## What to do
All of the data that follows is to be printed exactly, without pictures.

## Given material
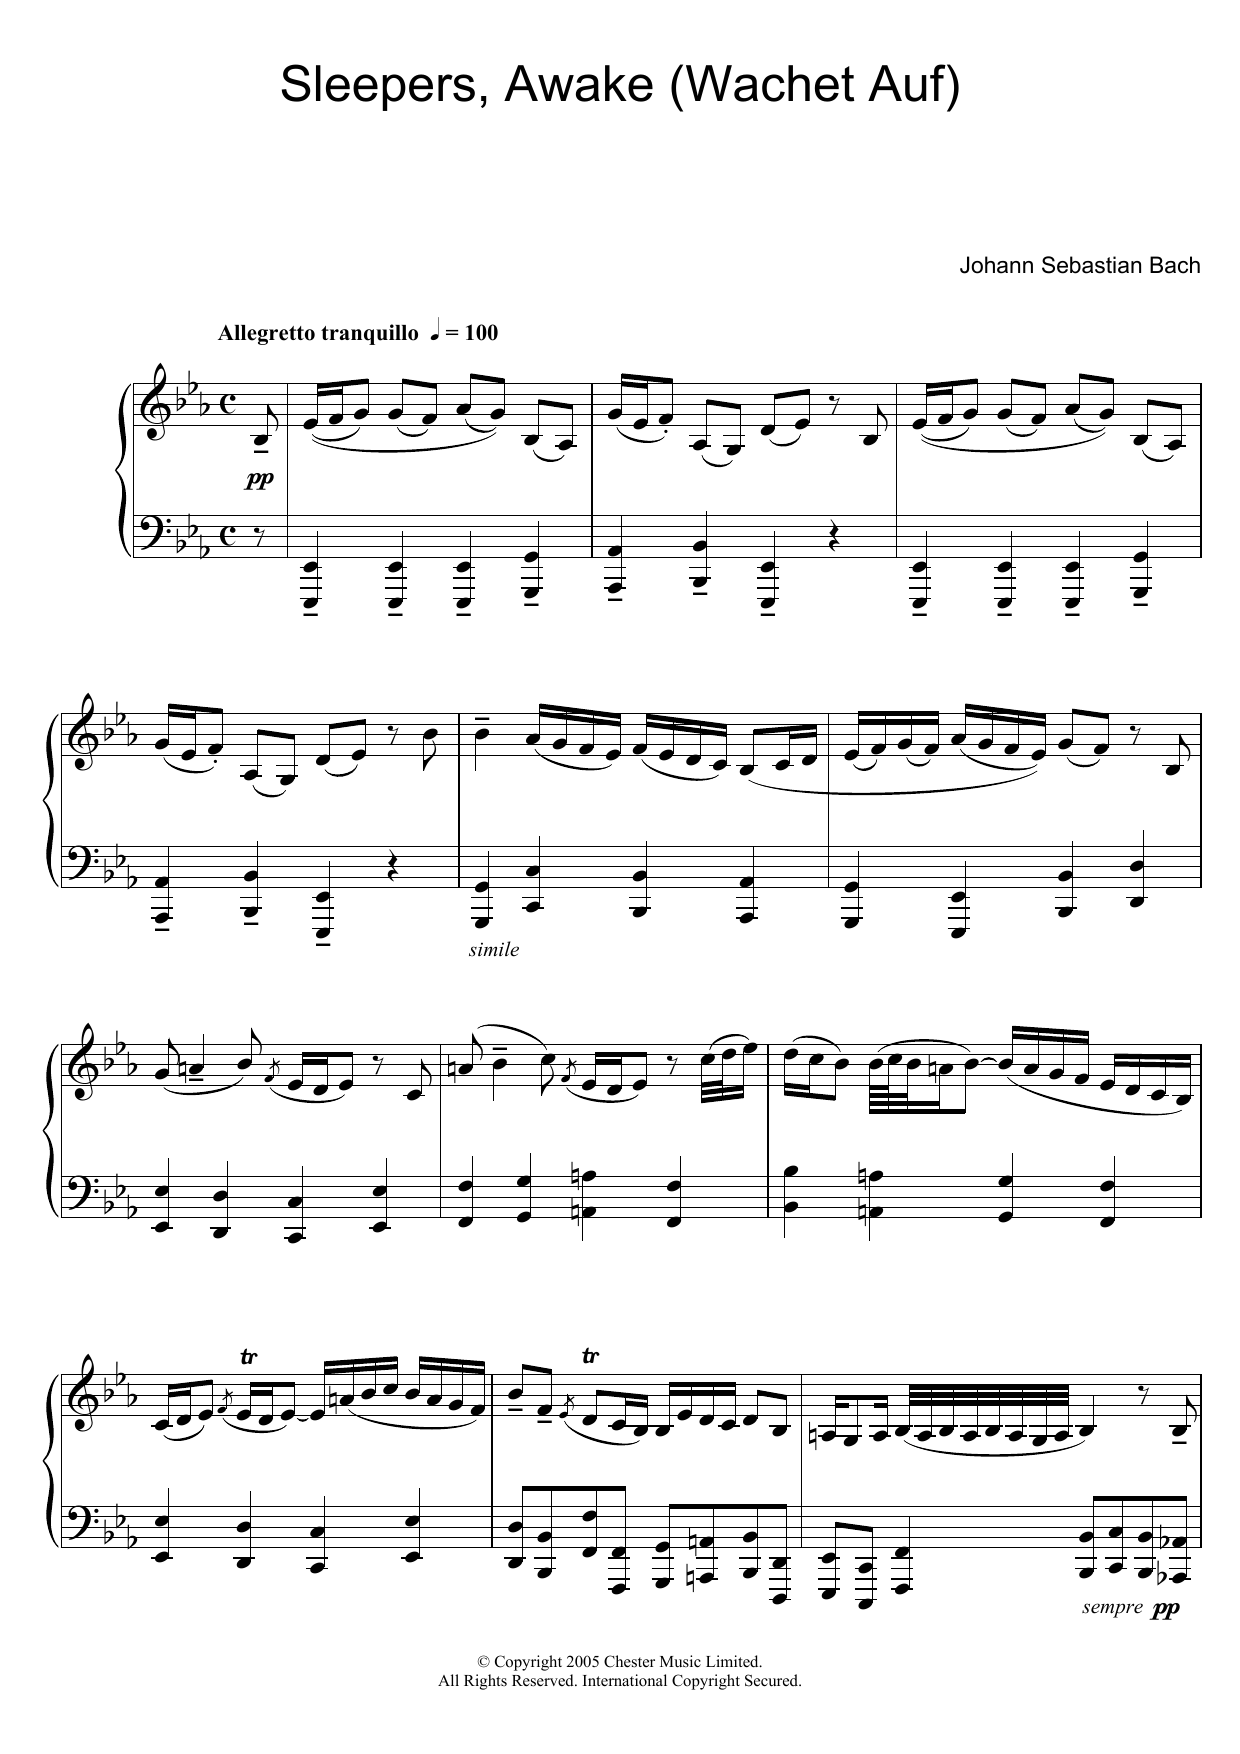 Johann Sebastian Bach Sleepers, Awake (Wachet Auf) Sheet Music Notes & Chords for Trombone - Download or Print PDF
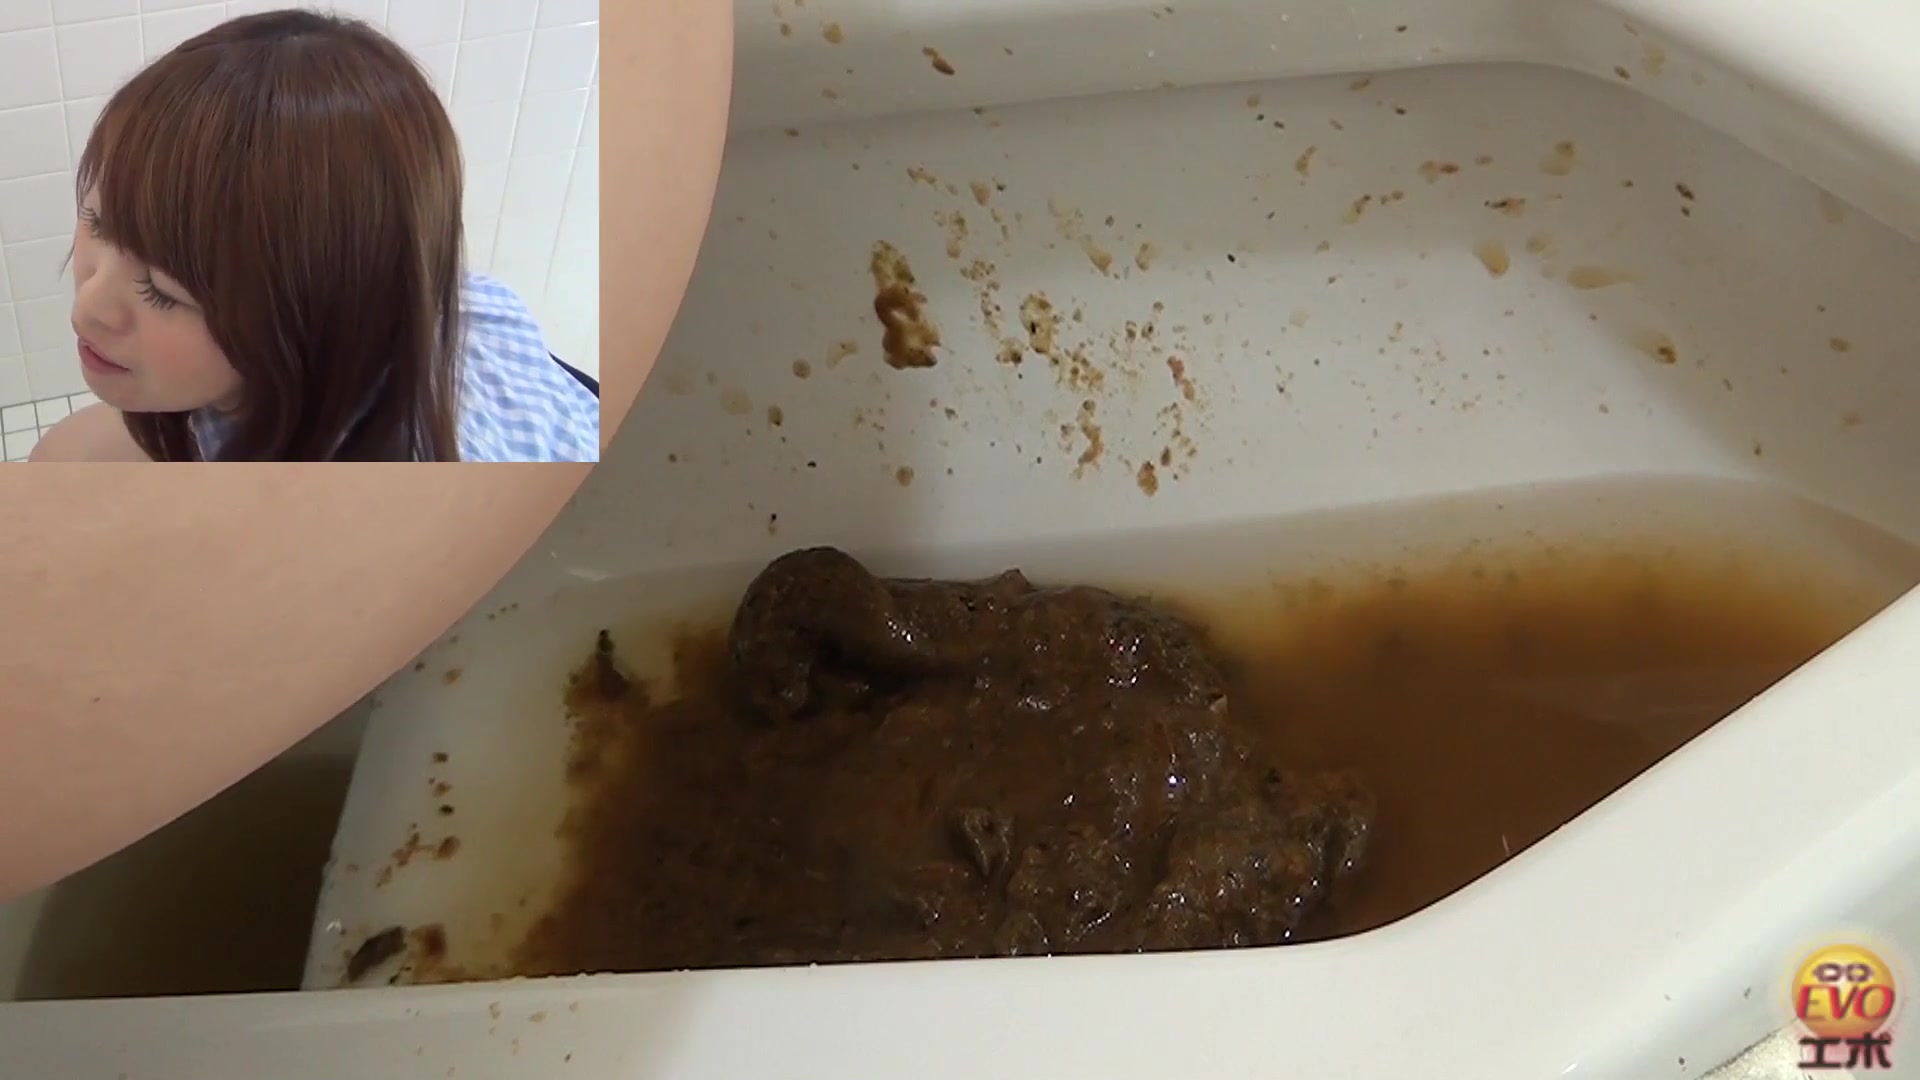 Diarrhea in public bathroom - video 2
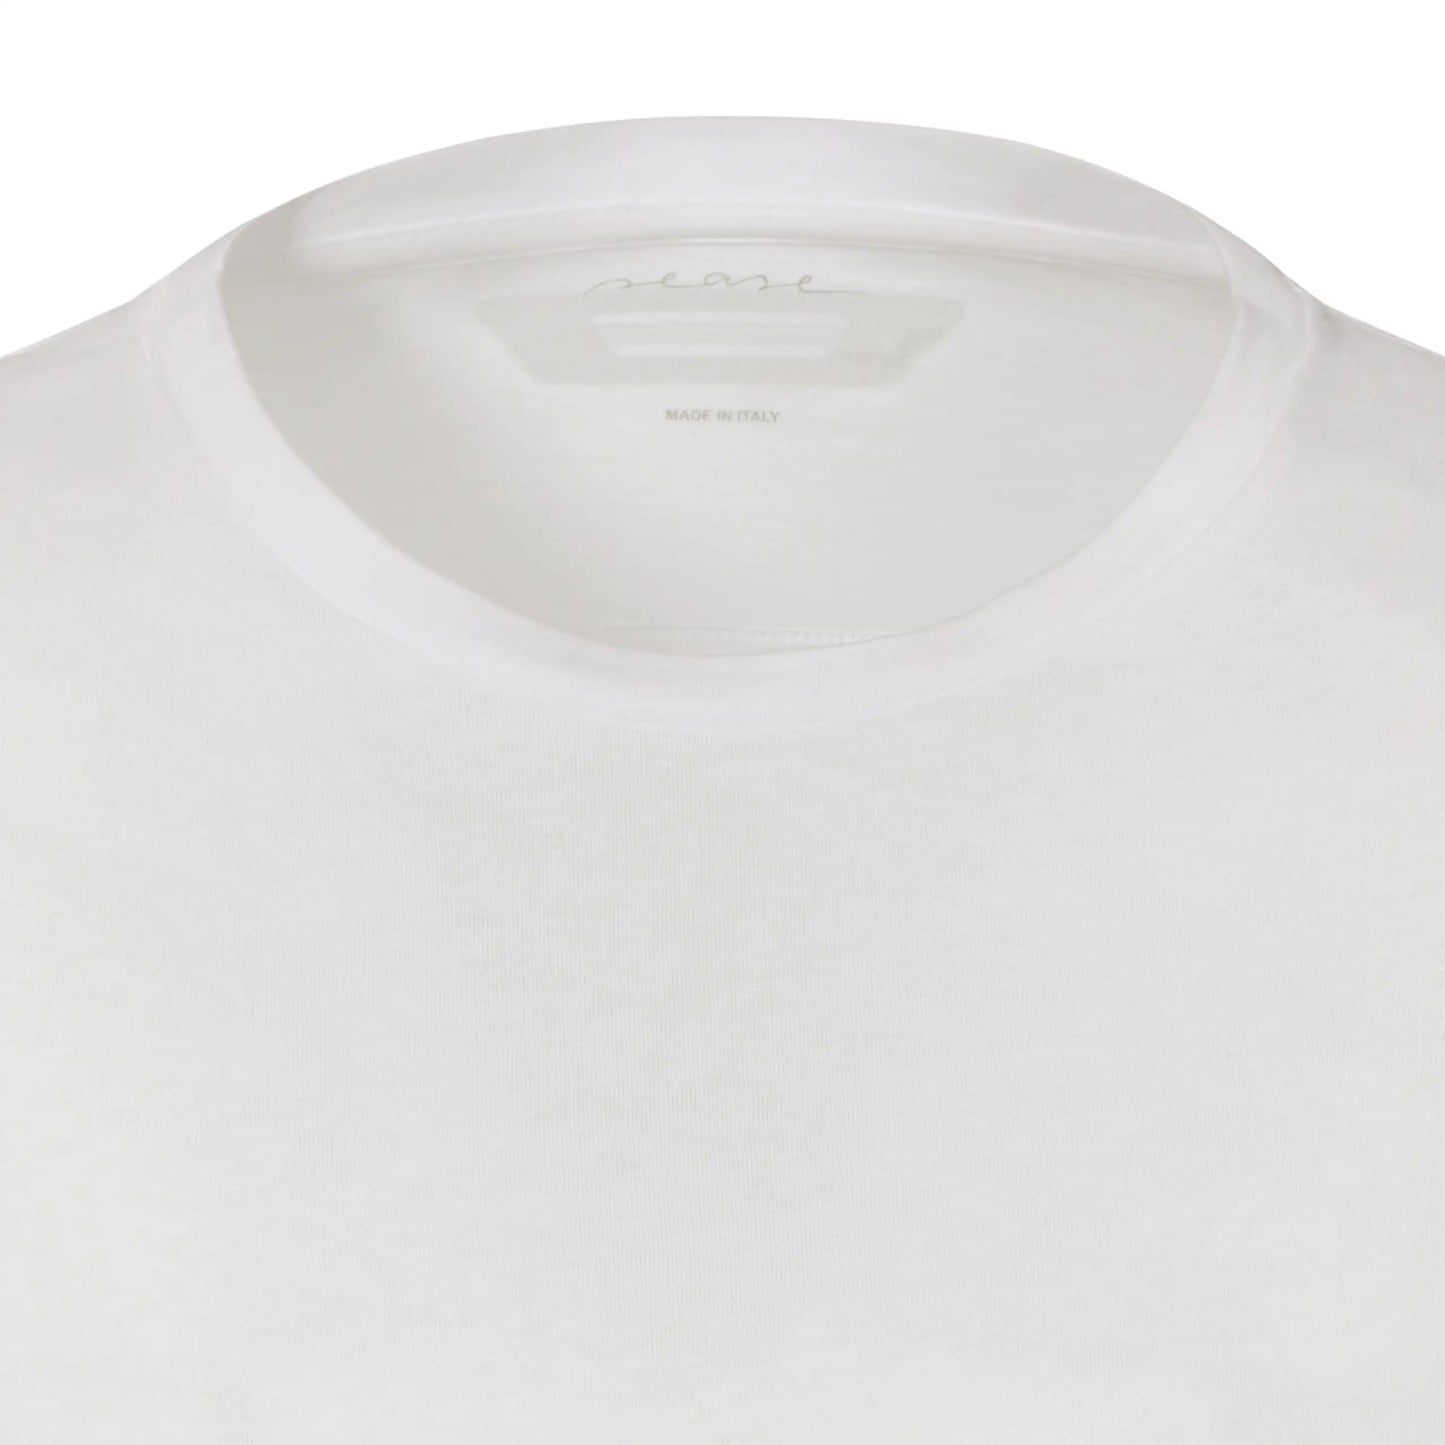 VMG 2.0 Long Sleeve T-Shirt in Warm White
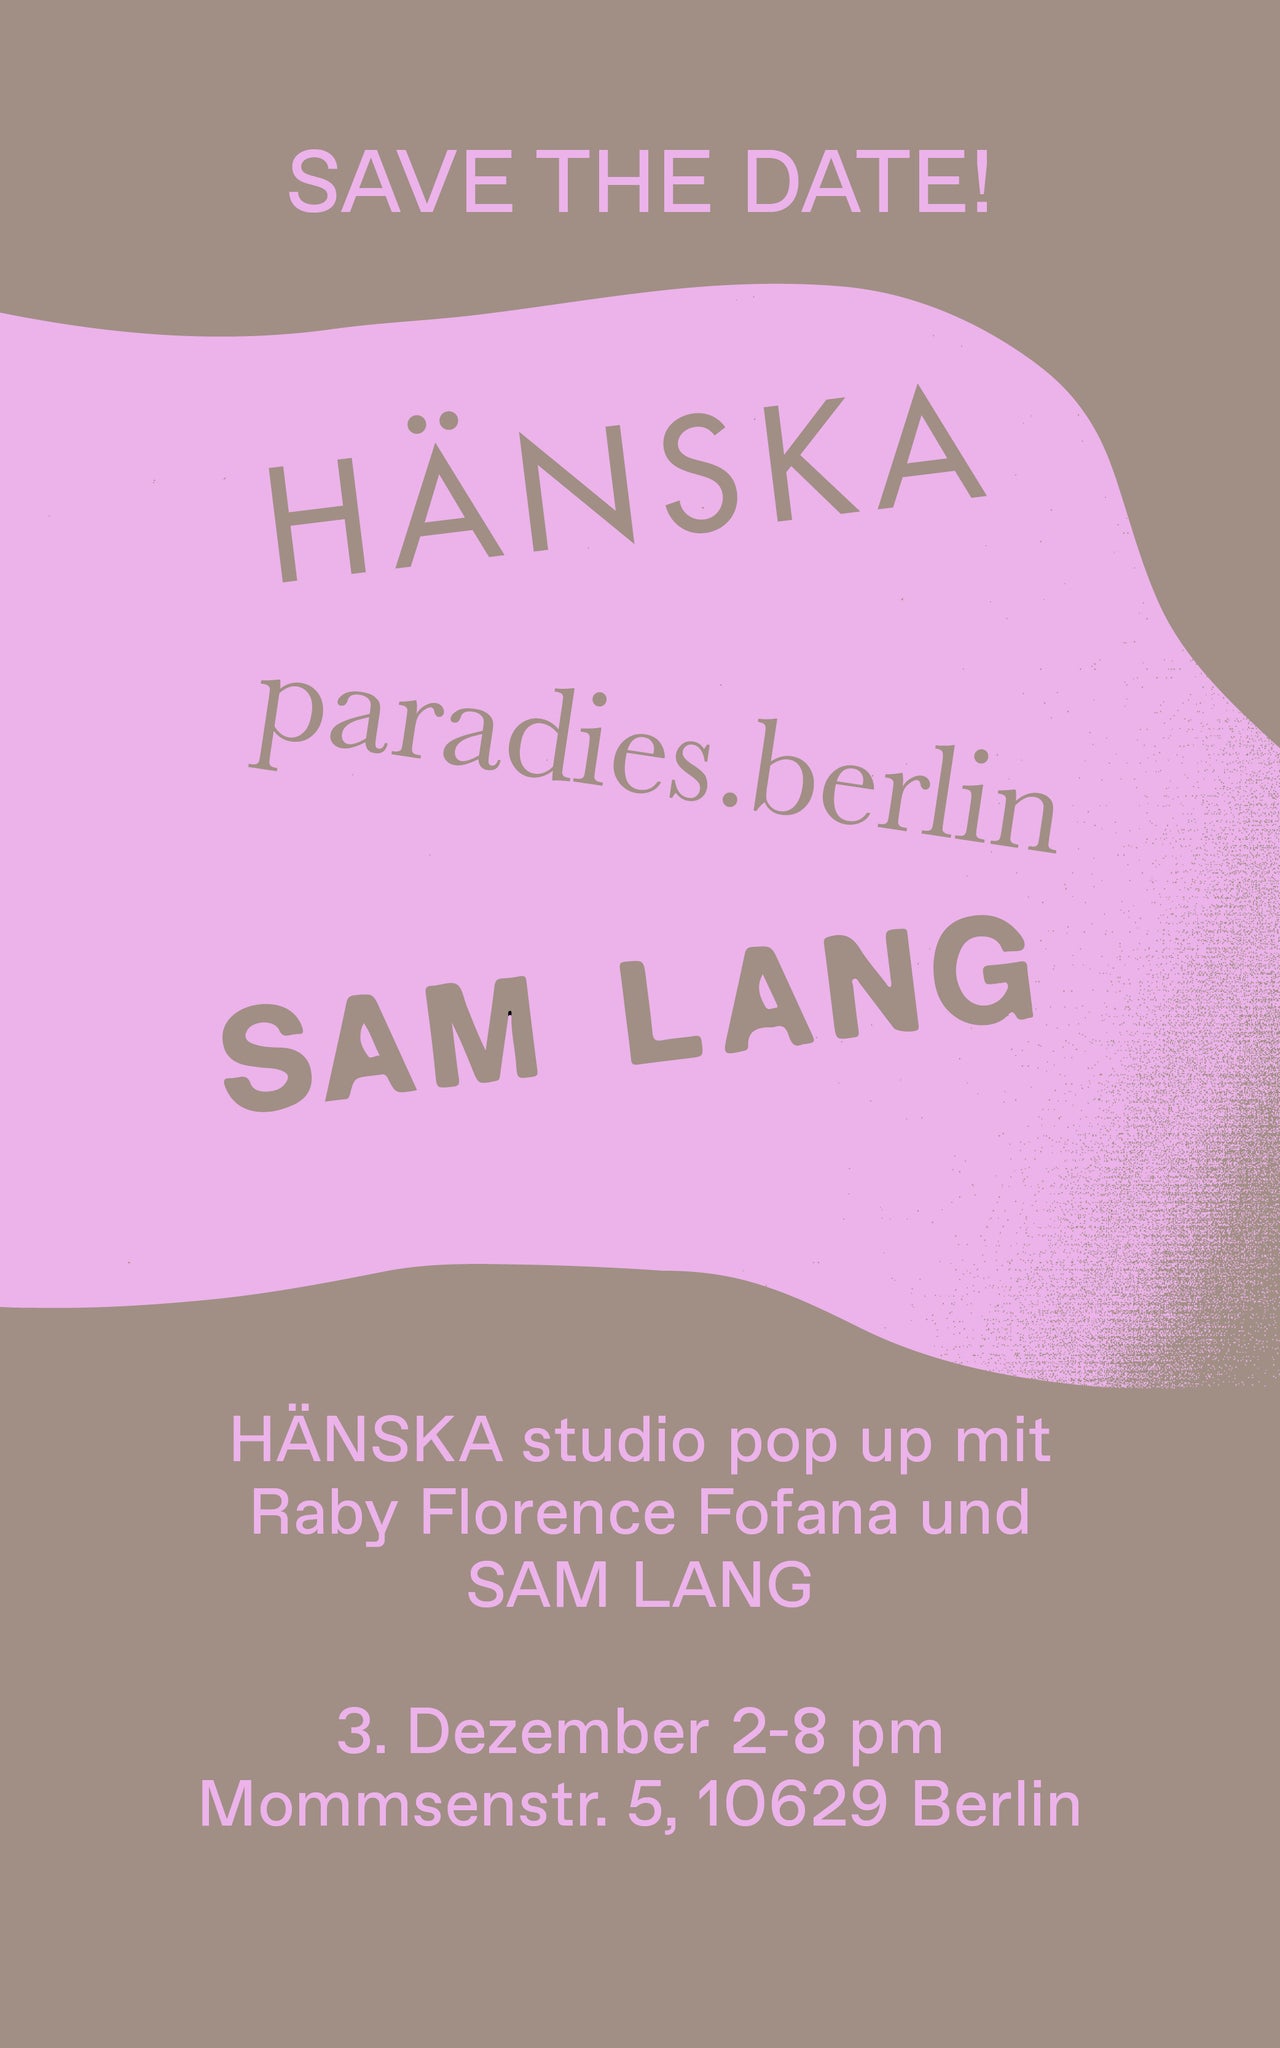 HÄNSKA studio Pop up 3. Dezember 2-8pm with paradies.berlin and SAM LANG

## Solution to the exercise
 Johann Sebastian Bach Sleepers, Awake (Wachet Auf) Sheet Music Notes & Chords for Trombone - Download or Print PDF
 Diarrhea in public bathroom - video 2
 VMG 2.0 Long Sleeve T-Shirt in Warm White
 HÄNSKA studio Pop up 3. Dezember 2-8pm with paradies.berlin and SAM LANG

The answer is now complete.